Chassagnon Serge, Minotti Lorella, Kremer Stephane, Verceuil Laurent, Hoffmann Dominique, Benabid Alim Louis, Kahane Philippe
Service de Neurologie, Neuropsychologie et explorations fonctionnelles des épilepsies, hospices civils de Strasbourg, Strasbourg, France.
Epilepsia. 2003 Jun;44(6):859-63. doi: 10.1046/j.1528-1157.2003.60802.x.
Substantial data are missing about the anatomic location of frontal regions supporting gelastic seizures.
We report the results of stereo-electro-encephalographic recordings performed over several distinct functional premotor and executive fields in a patient whose seizures were characterized by dyskinetic behavior and ictal laughter, in the absence of cerebral MRI abnormalities.
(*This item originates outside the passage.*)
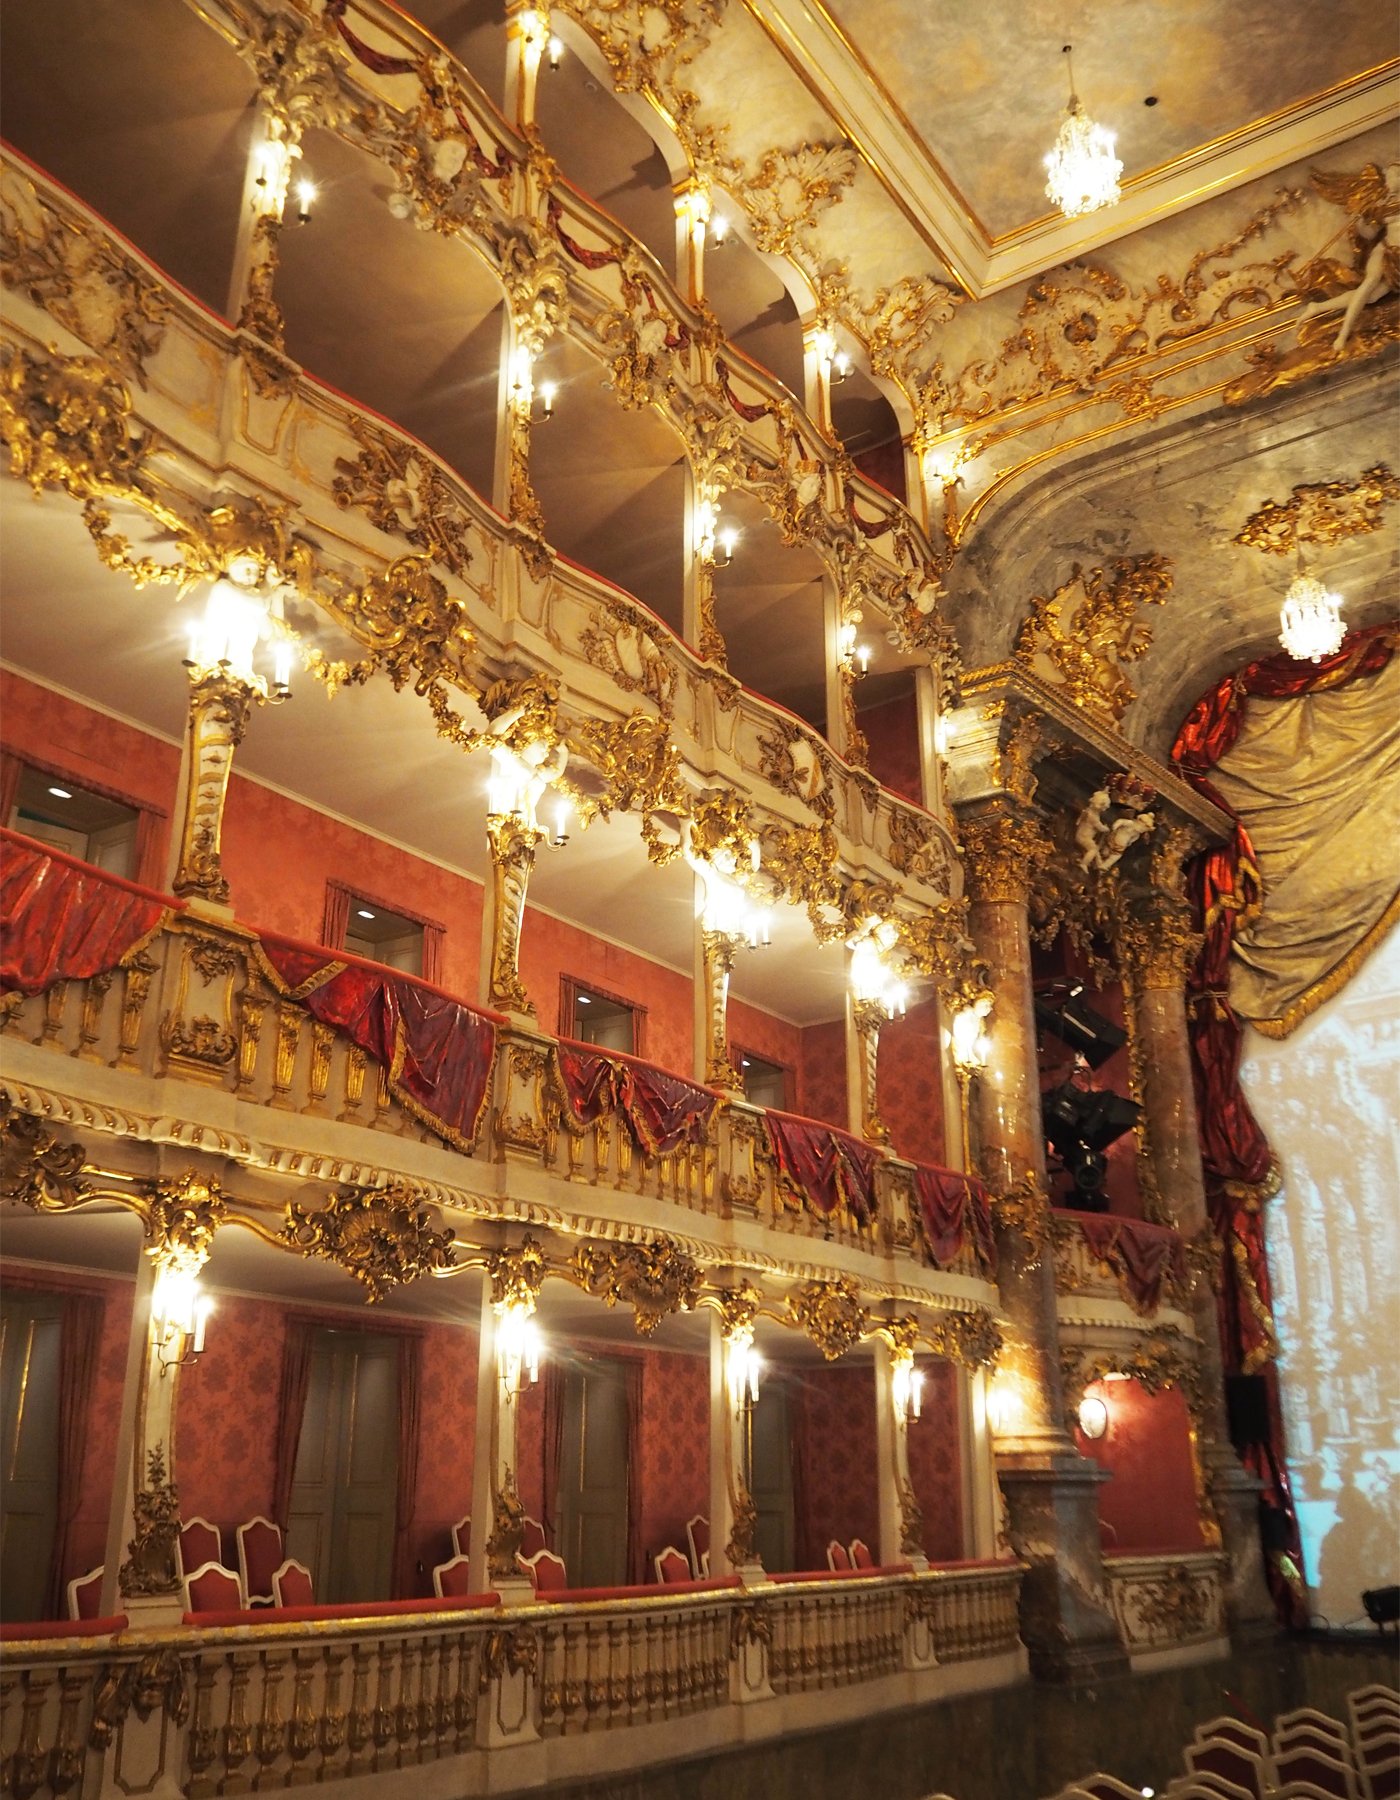 Theatre Munich

The epileptogenic zone was circumscribed in the anterior and ventral part of the supplementary motor area and the underlying dorsal cingulate cortex. There were no or little spreading to cortical neighboring areas. The patient is seizure-free (follow-up of 27 months) after a stereotactic electric radiofrequency lesion of the epileptogenic focus.
The present data suggest that pericingulate premotor areas are involved in the triggering of the motor component of laughter. In this case, the coexistence of paroxysmal dyskinesias during laughter might reflect the involvement of specific compartment(s) of the basal ganglia.
关于支持痴笑性癫痫发作的额叶区域的解剖位置,大量数据缺失。
我们报告了对一名患者在几个不同的功能性运动前区和执行区域进行立体脑电图记录的结果。该患者的癫痫发作表现为运动障碍行为和发作性笑,且脑部磁共振成像无异常。
致痫区局限于辅助运动区的前部和腹侧以及其下方的背侧扣带回皮质。向邻近皮质区域的扩散不存在或很少。在对致痫灶进行立体定向射频毁损后,该患者无癫痫发作(随访27个月)。
目前的数据表明,扣带回周围运动前区参与了笑的运动成分的触发。在这种情况下,笑时阵发性运动障碍的共存可能反映了基底神经节特定部分的参与。